==== Input records ====
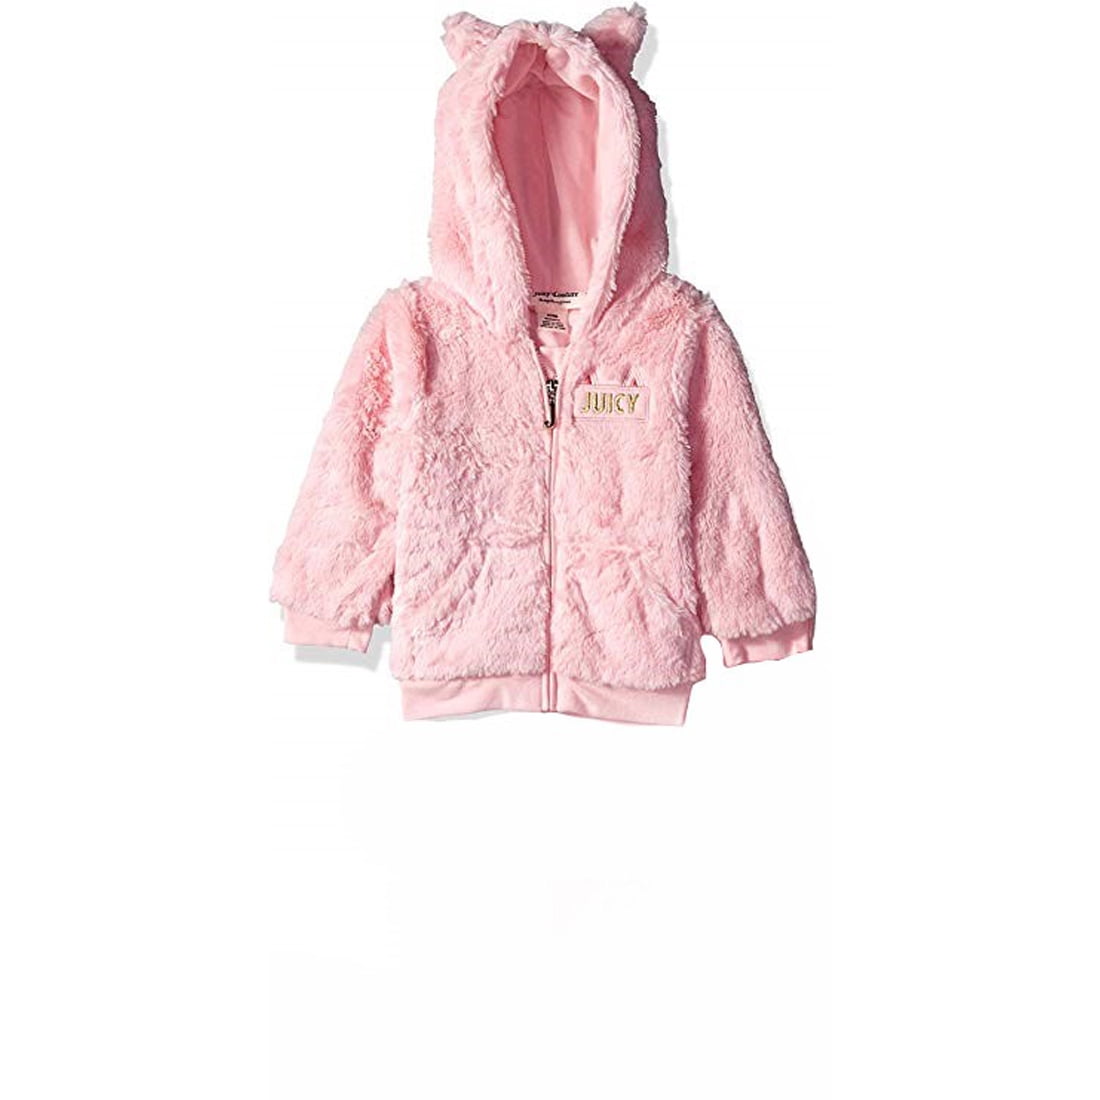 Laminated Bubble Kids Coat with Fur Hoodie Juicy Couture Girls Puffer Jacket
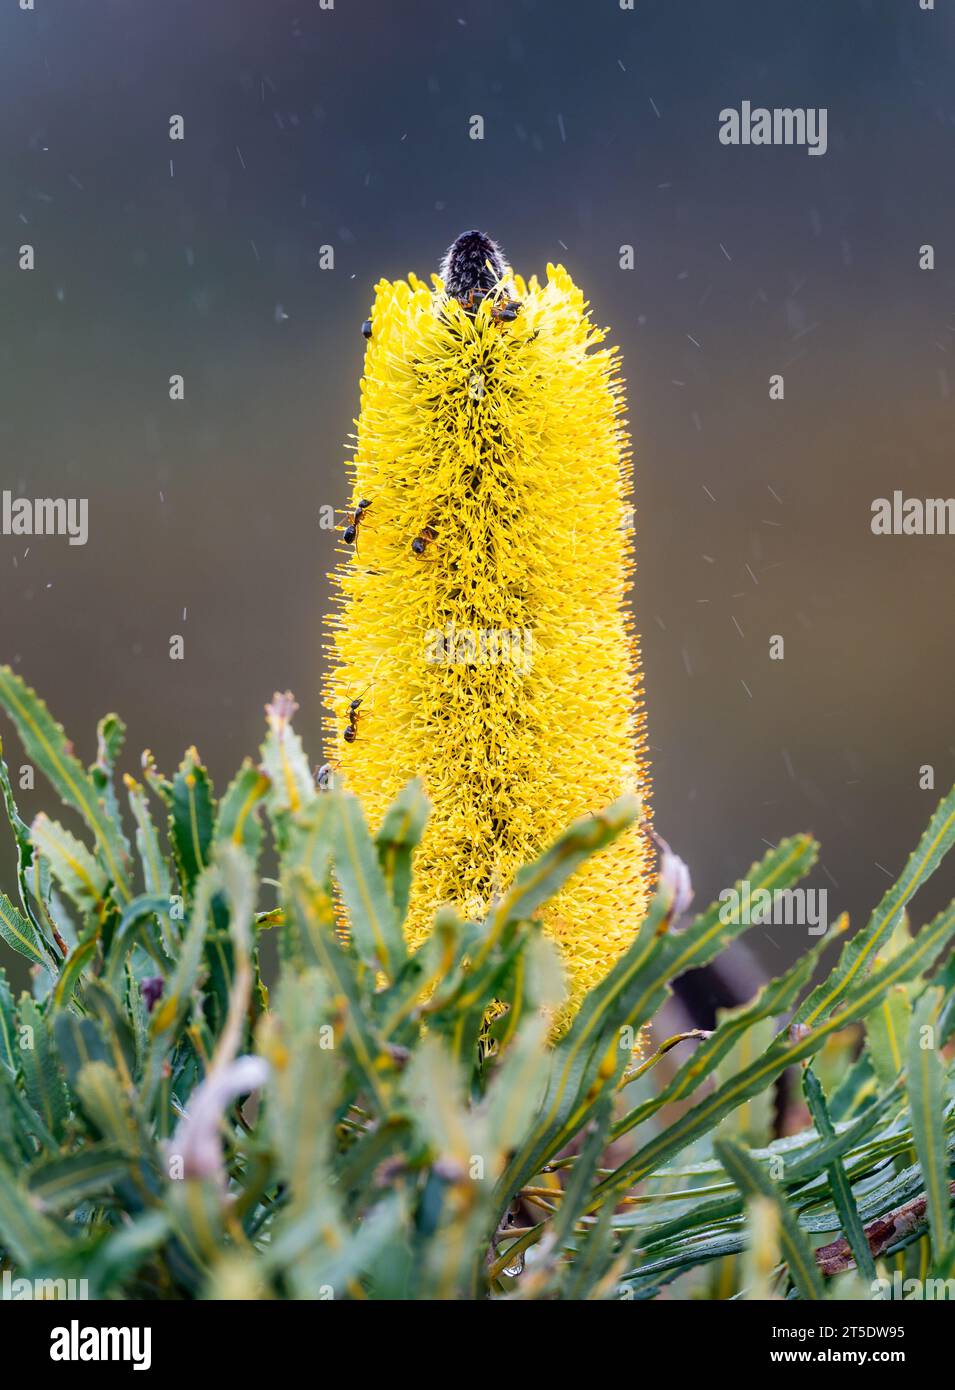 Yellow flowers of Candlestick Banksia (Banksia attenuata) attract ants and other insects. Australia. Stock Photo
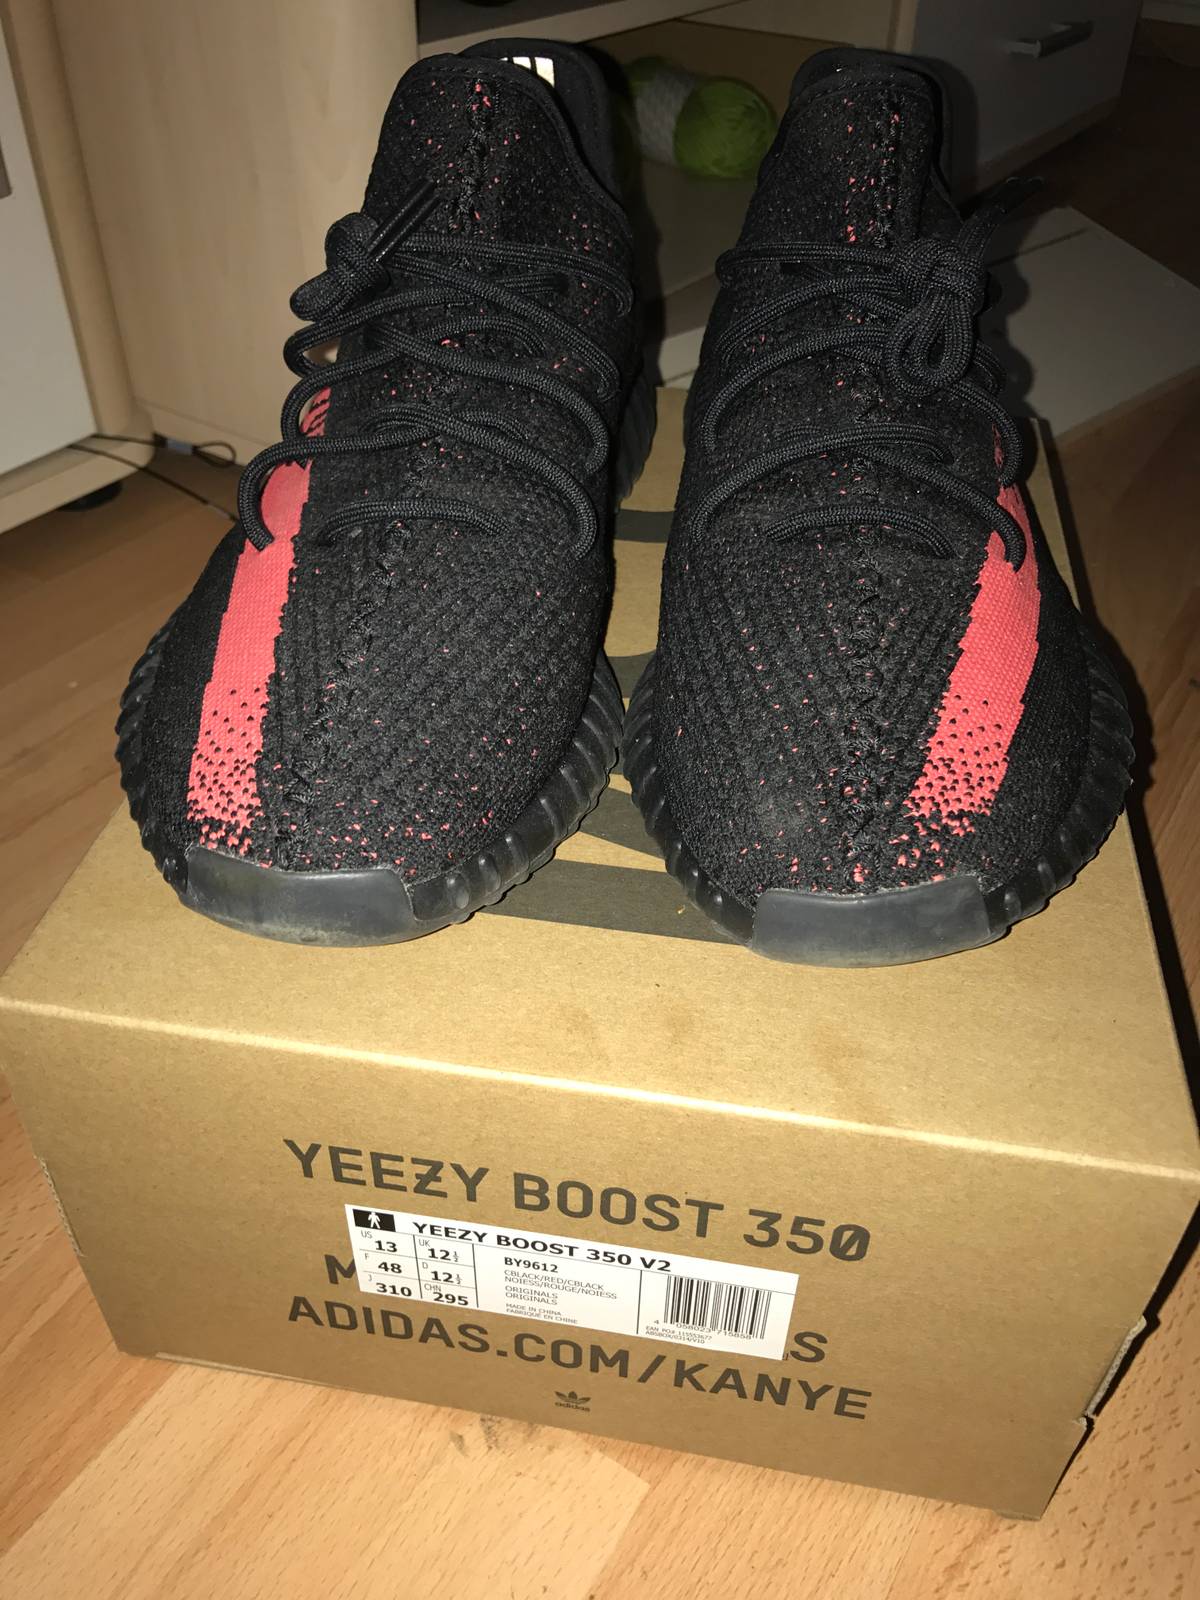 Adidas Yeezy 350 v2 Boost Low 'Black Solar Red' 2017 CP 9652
====
==== Input records ====
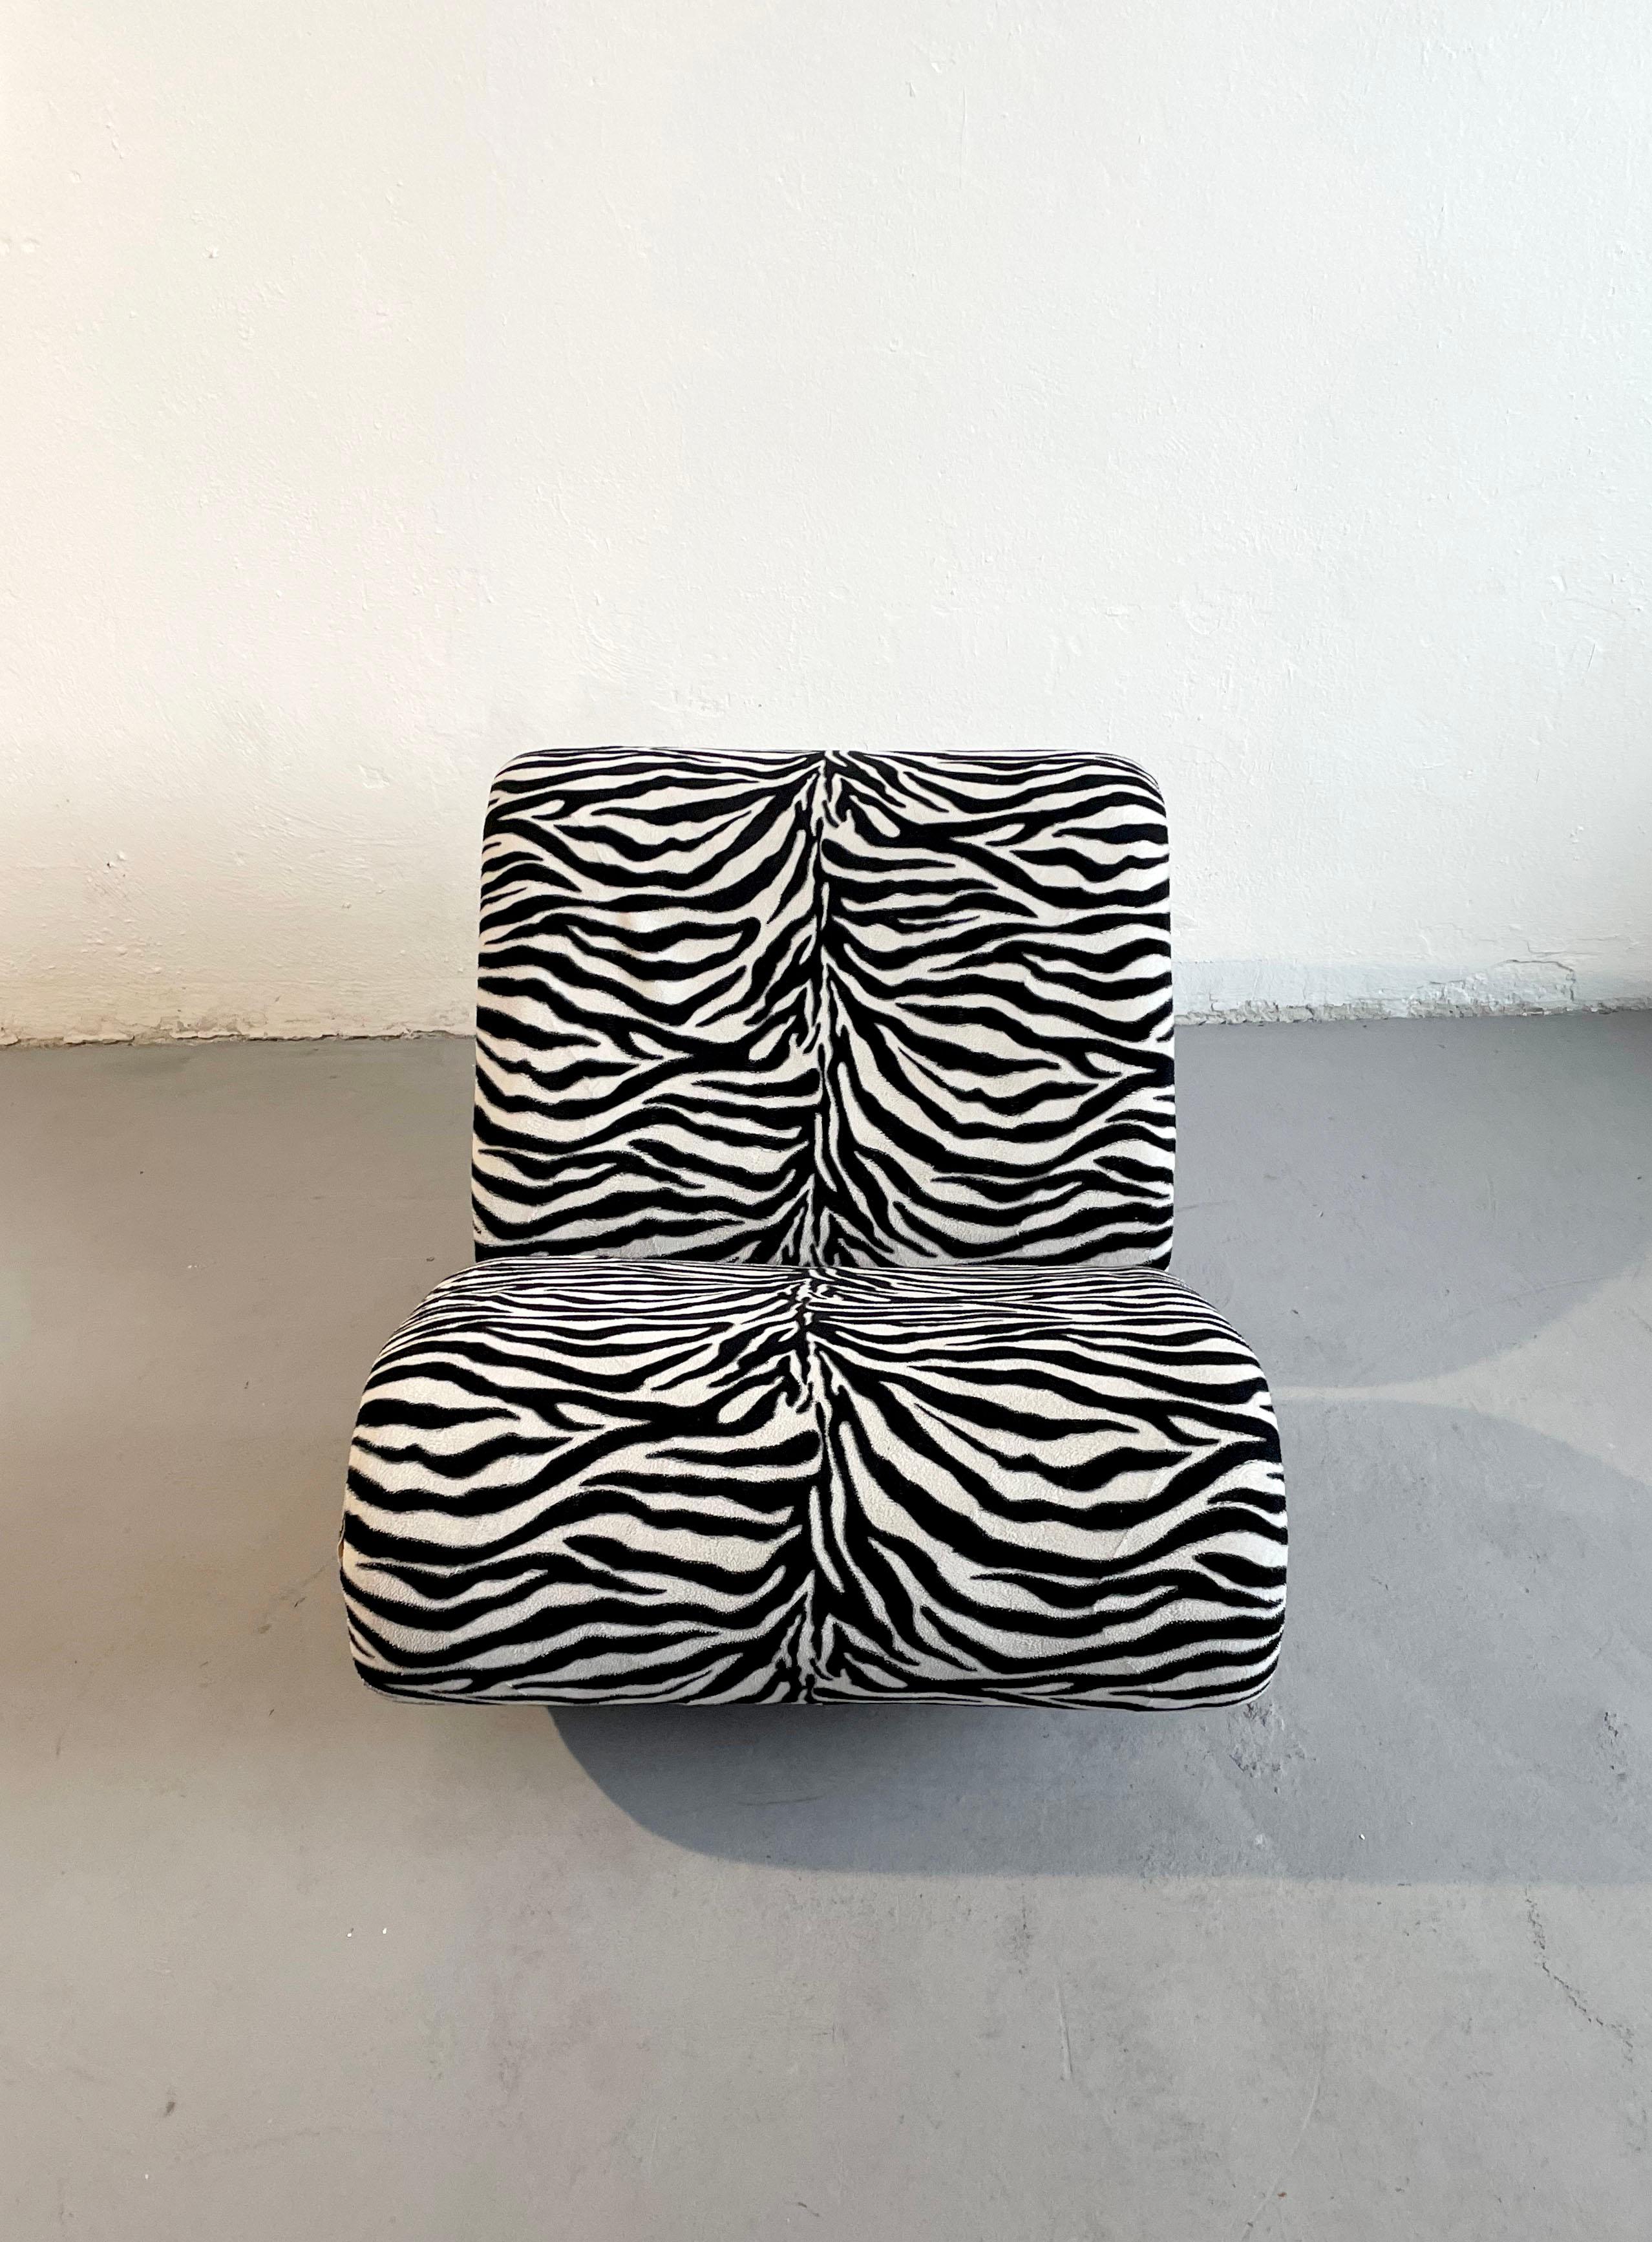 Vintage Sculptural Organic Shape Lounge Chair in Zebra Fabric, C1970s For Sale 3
====
Your assignment:
With the pictures removed, print only the lines starting at the line that has "Laminated Bubble Kids" and ending at the line that has "Adidas Yeezy 350", both ends included, exactly as they stand above.

Reply:
 Laminated Bubble Kids Coat with Fur Hoodie Juicy Couture Girls Puffer Jacket
 Yellow flowers of Candlestick Banksia (Banksia attenuata) attract ants and other insects. Australia. Stock Photo
 Adidas Yeezy 350 v2 Boost Low 'Black Solar Red' 2017 CP 9652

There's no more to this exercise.